• Data records
━━━━━━━━━━━━━━━━━━━━━━━━━━━━━━

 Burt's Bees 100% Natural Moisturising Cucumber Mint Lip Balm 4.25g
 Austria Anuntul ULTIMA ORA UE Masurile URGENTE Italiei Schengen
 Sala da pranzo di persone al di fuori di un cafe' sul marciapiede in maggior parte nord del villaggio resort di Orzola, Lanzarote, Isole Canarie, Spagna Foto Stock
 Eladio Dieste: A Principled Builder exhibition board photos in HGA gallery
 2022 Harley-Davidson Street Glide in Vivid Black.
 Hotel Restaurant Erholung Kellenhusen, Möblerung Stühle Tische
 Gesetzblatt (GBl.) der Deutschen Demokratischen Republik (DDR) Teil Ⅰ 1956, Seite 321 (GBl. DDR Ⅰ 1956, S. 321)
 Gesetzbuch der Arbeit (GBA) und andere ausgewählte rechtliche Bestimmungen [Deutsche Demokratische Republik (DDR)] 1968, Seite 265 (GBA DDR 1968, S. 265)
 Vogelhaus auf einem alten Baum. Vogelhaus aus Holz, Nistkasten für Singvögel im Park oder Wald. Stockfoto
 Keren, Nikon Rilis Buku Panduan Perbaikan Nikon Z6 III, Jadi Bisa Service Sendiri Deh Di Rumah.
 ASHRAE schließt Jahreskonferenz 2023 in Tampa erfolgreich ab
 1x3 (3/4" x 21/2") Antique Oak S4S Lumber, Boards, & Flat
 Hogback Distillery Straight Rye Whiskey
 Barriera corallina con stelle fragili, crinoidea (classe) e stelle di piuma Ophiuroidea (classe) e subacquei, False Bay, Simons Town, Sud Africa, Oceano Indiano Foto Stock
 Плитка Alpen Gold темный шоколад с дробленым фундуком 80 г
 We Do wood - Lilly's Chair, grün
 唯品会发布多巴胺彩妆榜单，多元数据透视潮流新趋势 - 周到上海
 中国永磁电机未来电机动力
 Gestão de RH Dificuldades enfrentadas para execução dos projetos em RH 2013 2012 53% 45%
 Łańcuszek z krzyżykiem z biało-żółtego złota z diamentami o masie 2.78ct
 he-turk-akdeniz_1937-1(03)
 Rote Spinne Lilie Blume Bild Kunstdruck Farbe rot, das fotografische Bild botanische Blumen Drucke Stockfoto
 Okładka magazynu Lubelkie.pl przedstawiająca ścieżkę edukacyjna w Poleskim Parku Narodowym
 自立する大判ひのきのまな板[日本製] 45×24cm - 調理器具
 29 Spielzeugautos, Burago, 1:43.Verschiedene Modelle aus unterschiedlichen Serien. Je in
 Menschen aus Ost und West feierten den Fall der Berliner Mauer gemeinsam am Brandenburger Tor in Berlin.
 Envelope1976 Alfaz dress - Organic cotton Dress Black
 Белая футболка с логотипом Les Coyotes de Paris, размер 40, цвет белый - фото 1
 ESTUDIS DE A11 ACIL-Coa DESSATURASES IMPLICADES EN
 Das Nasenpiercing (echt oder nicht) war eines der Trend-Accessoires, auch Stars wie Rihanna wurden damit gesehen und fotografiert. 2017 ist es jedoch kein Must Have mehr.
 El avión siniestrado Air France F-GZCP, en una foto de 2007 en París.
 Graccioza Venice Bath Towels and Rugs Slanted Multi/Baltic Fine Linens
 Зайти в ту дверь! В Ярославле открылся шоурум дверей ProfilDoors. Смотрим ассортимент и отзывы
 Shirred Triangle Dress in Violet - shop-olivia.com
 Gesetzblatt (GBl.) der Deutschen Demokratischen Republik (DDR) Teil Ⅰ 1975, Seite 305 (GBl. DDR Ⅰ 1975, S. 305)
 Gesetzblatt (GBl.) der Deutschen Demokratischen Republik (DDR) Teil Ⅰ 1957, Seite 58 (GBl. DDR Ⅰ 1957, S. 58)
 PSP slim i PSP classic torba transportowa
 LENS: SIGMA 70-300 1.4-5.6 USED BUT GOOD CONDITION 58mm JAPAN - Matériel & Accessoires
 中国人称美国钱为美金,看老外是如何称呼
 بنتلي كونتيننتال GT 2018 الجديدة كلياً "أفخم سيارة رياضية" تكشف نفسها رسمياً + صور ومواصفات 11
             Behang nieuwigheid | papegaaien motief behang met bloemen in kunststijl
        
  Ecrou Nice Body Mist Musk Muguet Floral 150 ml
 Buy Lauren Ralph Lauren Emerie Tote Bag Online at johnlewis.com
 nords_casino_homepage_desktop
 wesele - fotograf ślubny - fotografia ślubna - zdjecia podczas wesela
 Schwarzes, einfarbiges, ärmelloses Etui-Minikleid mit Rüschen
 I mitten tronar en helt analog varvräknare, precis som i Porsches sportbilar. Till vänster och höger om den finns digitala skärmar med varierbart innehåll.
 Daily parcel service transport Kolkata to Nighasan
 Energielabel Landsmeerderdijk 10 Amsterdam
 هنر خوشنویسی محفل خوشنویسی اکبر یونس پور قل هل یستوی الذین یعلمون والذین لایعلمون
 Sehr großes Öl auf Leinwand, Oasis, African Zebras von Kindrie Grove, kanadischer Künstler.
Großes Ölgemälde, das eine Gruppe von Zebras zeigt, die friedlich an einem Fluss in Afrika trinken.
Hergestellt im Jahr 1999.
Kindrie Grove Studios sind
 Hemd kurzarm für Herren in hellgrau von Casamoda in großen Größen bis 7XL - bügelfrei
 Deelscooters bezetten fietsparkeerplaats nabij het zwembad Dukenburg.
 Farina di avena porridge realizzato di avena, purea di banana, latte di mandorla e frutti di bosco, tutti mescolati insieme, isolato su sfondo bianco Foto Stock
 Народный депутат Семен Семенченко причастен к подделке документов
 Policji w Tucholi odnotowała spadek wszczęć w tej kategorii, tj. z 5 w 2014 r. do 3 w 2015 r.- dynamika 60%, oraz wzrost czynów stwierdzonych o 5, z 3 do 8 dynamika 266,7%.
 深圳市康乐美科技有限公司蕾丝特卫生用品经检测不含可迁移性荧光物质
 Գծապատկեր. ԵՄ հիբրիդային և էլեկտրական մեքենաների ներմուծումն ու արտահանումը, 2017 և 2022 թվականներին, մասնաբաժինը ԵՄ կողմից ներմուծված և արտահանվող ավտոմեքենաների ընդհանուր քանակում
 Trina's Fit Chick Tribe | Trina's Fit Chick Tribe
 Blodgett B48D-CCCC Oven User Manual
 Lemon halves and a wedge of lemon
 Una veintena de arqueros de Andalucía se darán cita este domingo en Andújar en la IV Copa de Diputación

━━━━━━━━━━━━━━━━━━━━━━━━━━━━━━

• Problem description
Take the entries above and repeat them. Alter nothing.

• Response for this exercise
 Burt's Bees 100% Natural Moisturising Cucumber Mint Lip Balm 4.25g
 Austria Anuntul ULTIMA ORA UE Masurile URGENTE Italiei Schengen
 Sala da pranzo di persone al di fuori di un cafe' sul marciapiede in maggior parte nord del villaggio resort di Orzola, Lanzarote, Isole Canarie, Spagna Foto Stock
 Eladio Dieste: A Principled Builder exhibition board photos in HGA gallery
 2022 Harley-Davidson Street Glide in Vivid Black.
 Hotel Restaurant Erholung Kellenhusen, Möblerung Stühle Tische
 Gesetzblatt (GBl.) der Deutschen Demokratischen Republik (DDR) Teil Ⅰ 1956, Seite 321 (GBl. DDR Ⅰ 1956, S. 321)
 Gesetzbuch der Arbeit (GBA) und andere ausgewählte rechtliche Bestimmungen [Deutsche Demokratische Republik (DDR)] 1968, Seite 265 (GBA DDR 1968, S. 265)
 Vogelhaus auf einem alten Baum. Vogelhaus aus Holz, Nistkasten für Singvögel im Park oder Wald. Stockfoto
 Keren, Nikon Rilis Buku Panduan Perbaikan Nikon Z6 III, Jadi Bisa Service Sendiri Deh Di Rumah.
 ASHRAE schließt Jahreskonferenz 2023 in Tampa erfolgreich ab
 1x3 (3/4" x 21/2") Antique Oak S4S Lumber, Boards, & Flat
 Hogback Distillery Straight Rye Whiskey
 Barriera corallina con stelle fragili, crinoidea (classe) e stelle di piuma Ophiuroidea (classe) e subacquei, False Bay, Simons Town, Sud Africa, Oceano Indiano Foto Stock
 Плитка Alpen Gold темный шоколад с дробленым фундуком 80 г
 We Do wood - Lilly's Chair, grün
 唯品会发布多巴胺彩妆榜单，多元数据透视潮流新趋势 - 周到上海
 中国永磁电机未来电机动力
 Gestão de RH Dificuldades enfrentadas para execução dos projetos em RH 2013 2012 53% 45%
 Łańcuszek z krzyżykiem z biało-żółtego złota z diamentami o masie 2.78ct
 he-turk-akdeniz_1937-1(03)
 Rote Spinne Lilie Blume Bild Kunstdruck Farbe rot, das fotografische Bild botanische Blumen Drucke Stockfoto
 Okładka magazynu Lubelkie.pl przedstawiająca ścieżkę edukacyjna w Poleskim Parku Narodowym
 自立する大判ひのきのまな板[日本製] 45×24cm - 調理器具
 29 Spielzeugautos, Burago, 1:43.Verschiedene Modelle aus unterschiedlichen Serien. Je in
 Menschen aus Ost und West feierten den Fall der Berliner Mauer gemeinsam am Brandenburger Tor in Berlin.
 Envelope1976 Alfaz dress - Organic cotton Dress Black
 Белая футболка с логотипом Les Coyotes de Paris, размер 40, цвет белый - фото 1
 ESTUDIS DE A11 ACIL-Coa DESSATURASES IMPLICADES EN
 Das Nasenpiercing (echt oder nicht) war eines der Trend-Accessoires, auch Stars wie Rihanna wurden damit gesehen und fotografiert. 2017 ist es jedoch kein Must Have mehr.
 El avión siniestrado Air France F-GZCP, en una foto de 2007 en París.
 Graccioza Venice Bath Towels and Rugs Slanted Multi/Baltic Fine Linens
 Зайти в ту дверь! В Ярославле открылся шоурум дверей ProfilDoors. Смотрим ассортимент и отзывы
 Shirred Triangle Dress in Violet - shop-olivia.com
 Gesetzblatt (GBl.) der Deutschen Demokratischen Republik (DDR) Teil Ⅰ 1975, Seite 305 (GBl. DDR Ⅰ 1975, S. 305)
 Gesetzblatt (GBl.) der Deutschen Demokratischen Republik (DDR) Teil Ⅰ 1957, Seite 58 (GBl. DDR Ⅰ 1957, S. 58)
 PSP slim i PSP classic torba transportowa
 LENS: SIGMA 70-300 1.4-5.6 USED BUT GOOD CONDITION 58mm JAPAN - Matériel & Accessoires
 中国人称美国钱为美金,看老外是如何称呼
 بنتلي كونتيننتال GT 2018 الجديدة كلياً "أفخم سيارة رياضية" تكشف نفسها رسمياً + صور ومواصفات 11
             Behang nieuwigheid | papegaaien motief behang met bloemen in kunststijl
        
  Ecrou Nice Body Mist Musk Muguet Floral 150 ml
 Buy Lauren Ralph Lauren Emerie Tote Bag Online at johnlewis.com
 nords_casino_homepage_desktop
 wesele - fotograf ślubny - fotografia ślubna - zdjecia podczas wesela
 Schwarzes, einfarbiges, ärmelloses Etui-Minikleid mit Rüschen
 I mitten tronar en helt analog varvräknare, precis som i Porsches sportbilar. Till vänster och höger om den finns digitala skärmar med varierbart innehåll.
 Daily parcel service transport Kolkata to Nighasan
 Energielabel Landsmeerderdijk 10 Amsterdam
 هنر خوشنویسی محفل خوشنویسی اکبر یونس پور قل هل یستوی الذین یعلمون والذین لایعلمون
 Sehr großes Öl auf Leinwand, Oasis, African Zebras von Kindrie Grove, kanadischer Künstler.
Großes Ölgemälde, das eine Gruppe von Zebras zeigt, die friedlich an einem Fluss in Afrika trinken.
Hergestellt im Jahr 1999.
Kindrie Grove Studios sind
 Hemd kurzarm für Herren in hellgrau von Casamoda in großen Größen bis 7XL - bügelfrei
 Deelscooters bezetten fietsparkeerplaats nabij het zwembad Dukenburg.
 Farina di avena porridge realizzato di avena, purea di banana, latte di mandorla e frutti di bosco, tutti mescolati insieme, isolato su sfondo bianco Foto Stock
 Народный депутат Семен Семенченко причастен к подделке документов
 Policji w Tucholi odnotowała spadek wszczęć w tej kategorii, tj. z 5 w 2014 r. do 3 w 2015 r.- dynamika 60%, oraz wzrost czynów stwierdzonych o 5, z 3 do 8 dynamika 266,7%.
 深圳市康乐美科技有限公司蕾丝特卫生用品经检测不含可迁移性荧光物质
 Գծապատկեր. ԵՄ հիբրիդային և էլեկտրական մեքենաների ներմուծումն ու արտահանումը, 2017 և 2022 թվականներին, մասնաբաժինը ԵՄ կողմից ներմուծված և արտահանվող ավտոմեքենաների ընդհանուր քանակում
 Trina's Fit Chick Tribe | Trina's Fit Chick Tribe
 Blodgett B48D-CCCC Oven User Manual
 Lemon halves and a wedge of lemon
 Una veintena de arqueros de Andalucía se darán cita este domingo en Andújar en la IV Copa de Diputación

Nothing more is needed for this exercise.